In 2000 there were 56 apartments in the municipality. The most common apartment size was 5 rooms of which there were 19. There were 1 single room apartments and 31 apartments with five or more rooms. Of these apartments, a total of 51 apartments (91.1% of the total) were permanently occupied, while 2 apartments (3.6%) were seasonally occupied and 3 apartments (5.4%) were empty. As of 2009, the construction rate of new housing units was 21.1 new units per 1000 residents. The vacancy rate for the municipality, in 2010, was 0%.

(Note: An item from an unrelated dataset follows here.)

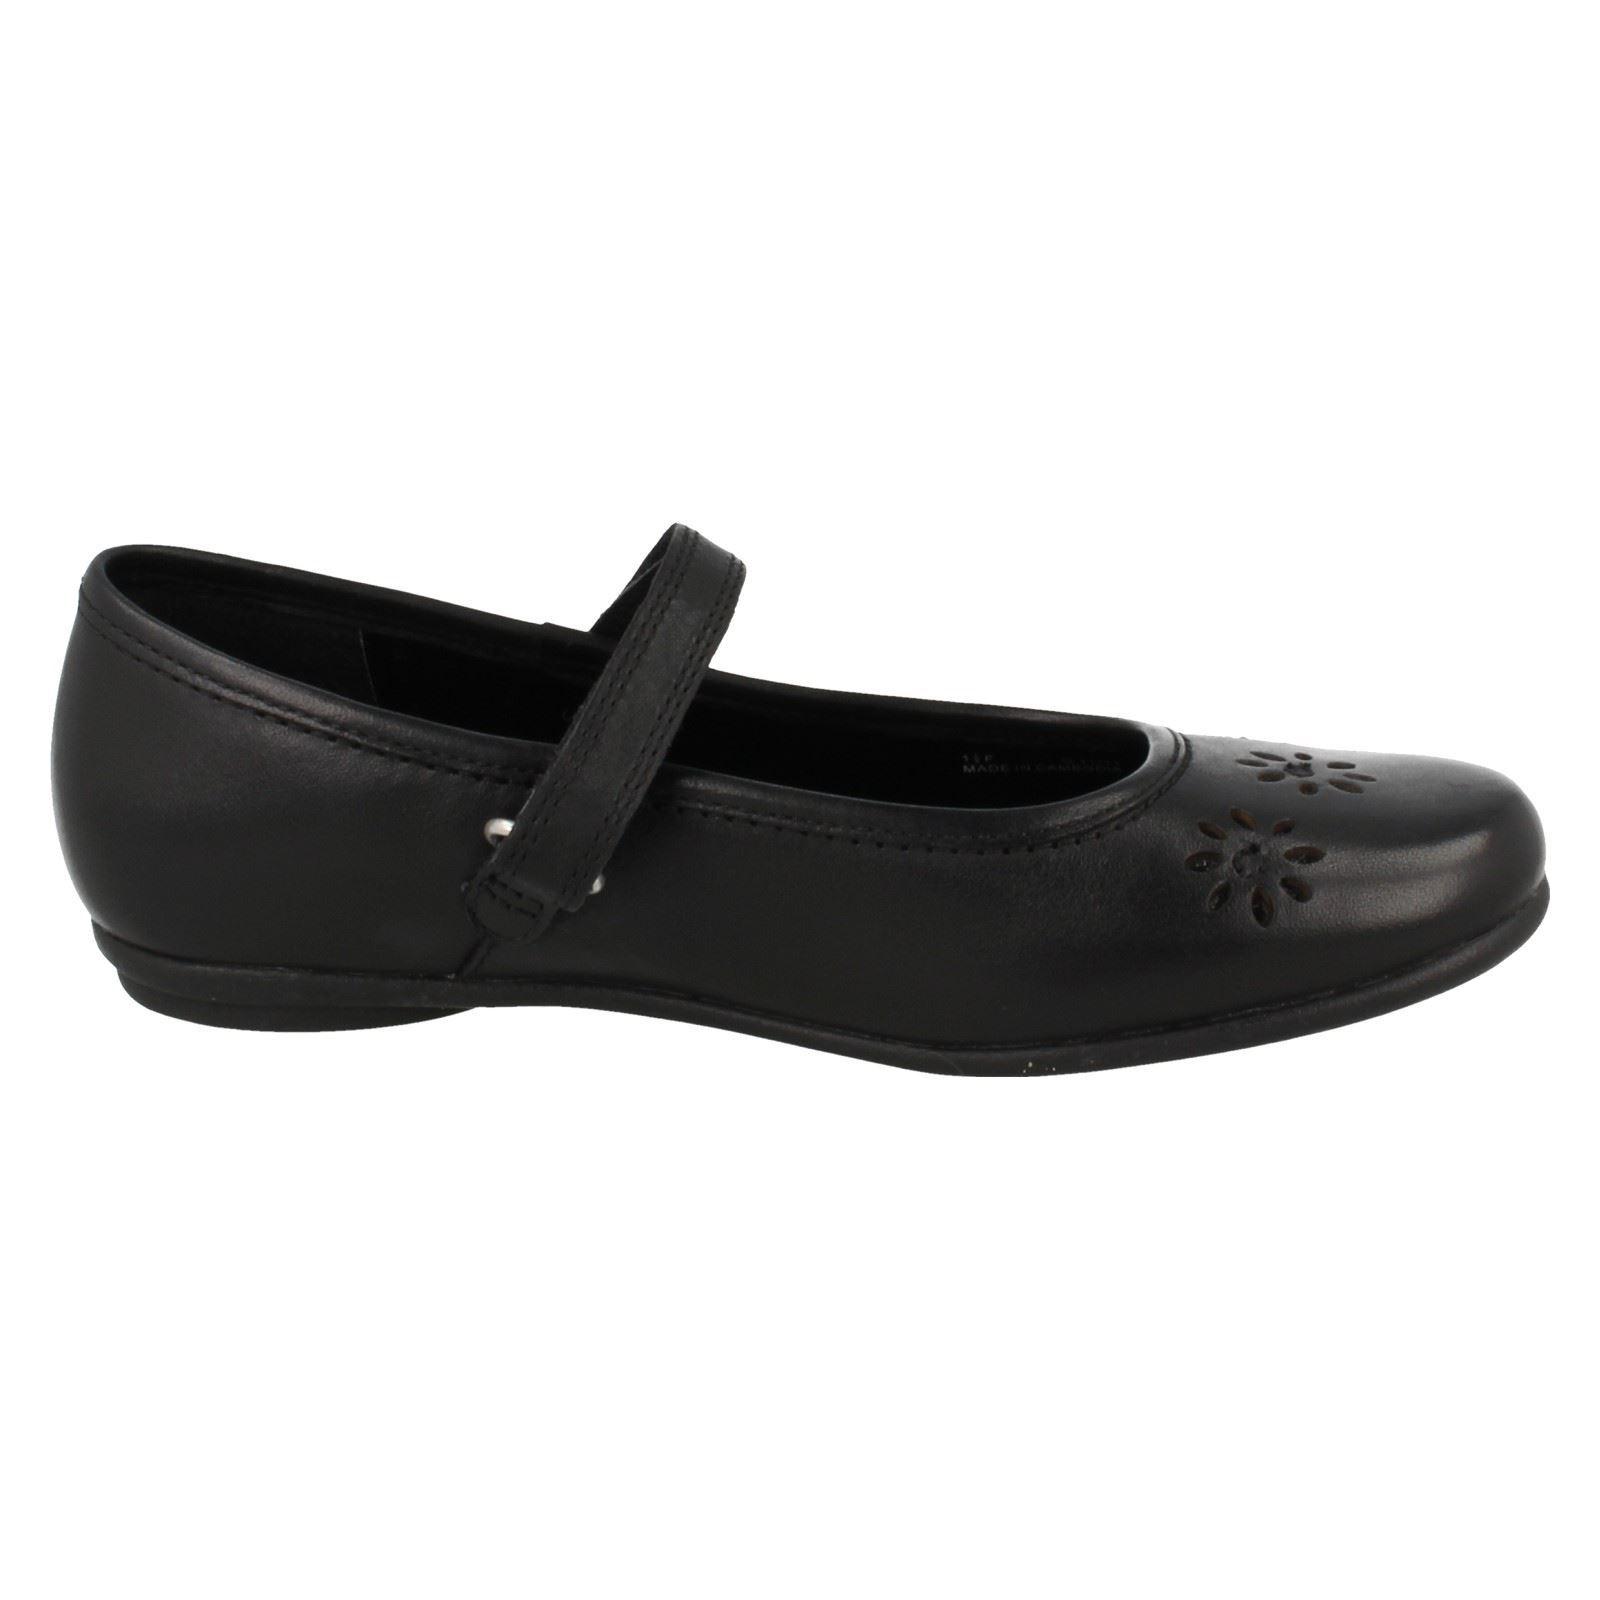 Clarks Daisy School Shoes

The historical population is given in the following chart:

==Politics==
In the 2007 federal election the most popular party was the SVP which received 36.14% of the vote. The next three most popular parties were the FDP (28.5%), the SP (12.56%) and the PdA Party (7.64%). In the federal election, a total of 44 votes were cast, and the voter turnout was 46.3%.

==Economy==
As of In 2010 2010, Prévonloup had an unemployment rate of 3.8%. As of 2008, there were 14 people employed in the primary economic sector and about 5 businesses involved in this sector. 8 people were employed in the secondary sector and there were 3 businesses in this sector. 15 people were employed in the tertiary sector, with 6 businesses in this sector. There were 48 residents of the municipality who were employed in some capacity, of which females made up 37.5% of the workforce.

In 2008 the total number of full-time equivalent jobs was 26. The number of jobs in the primary sector was 9, all of which were in agriculture. The number of jobs in the secondary sector was 7, all of which were in manufacturing. The number of jobs in the tertiary sector was 10. In the tertiary sector; 1 was in the sale or repair of motor vehicles, 2 or 20.0% were in the movement and storage of goods, 4 or 40.0% were in a hotel or restaurant.

In 2000, there were 27 workers who commuted away from the municipality. Of the working population, 8.3% used public transportation to get to work, and 54.2% used a private car.

==Religion==
From the 2000 census, 22 or 19.3% were Roman Catholic, while 70 or 61.4% belonged to the Swiss Reformed Church. Of the rest of the population, there was 1 member of an Orthodox church, and there were 8 individuals (or about 7.02% of the population) who belonged to another Christian church. There was 1 individual who was Islamic. 12 (or about 10.53% of the population) belonged to no church, are agnostic or atheist.

==Education==

In Prévonloup about 41 or (36.0%) of the population have completed non-mandatory upper secondary education, and 4 or (3.5%) have completed additional higher education (either university or a Fachhochschule). Of the 4 who completed tertiary schooling, 50.0% were Swiss men, 50.0% were Swiss women.

In the 2009/2010 school year there were a total of 24 students in the Prévonloup school district. In the Vaud cantonal school system, two years of non-obligatory pre-school are provided by the political districts. During the school year, the political district provided pre-school care for a total of 155 children of which 83 children (53.5%) received subsidized pre-school care. The canton's primary school program requires students to attend for four years. There were 16 students in the municipal primary school program. The obligatory lower secondary school program lasts for six years and there were 8 students in those schools.

As of 2000, there were 15 students from Prévonloup who attended schools outside the municipality.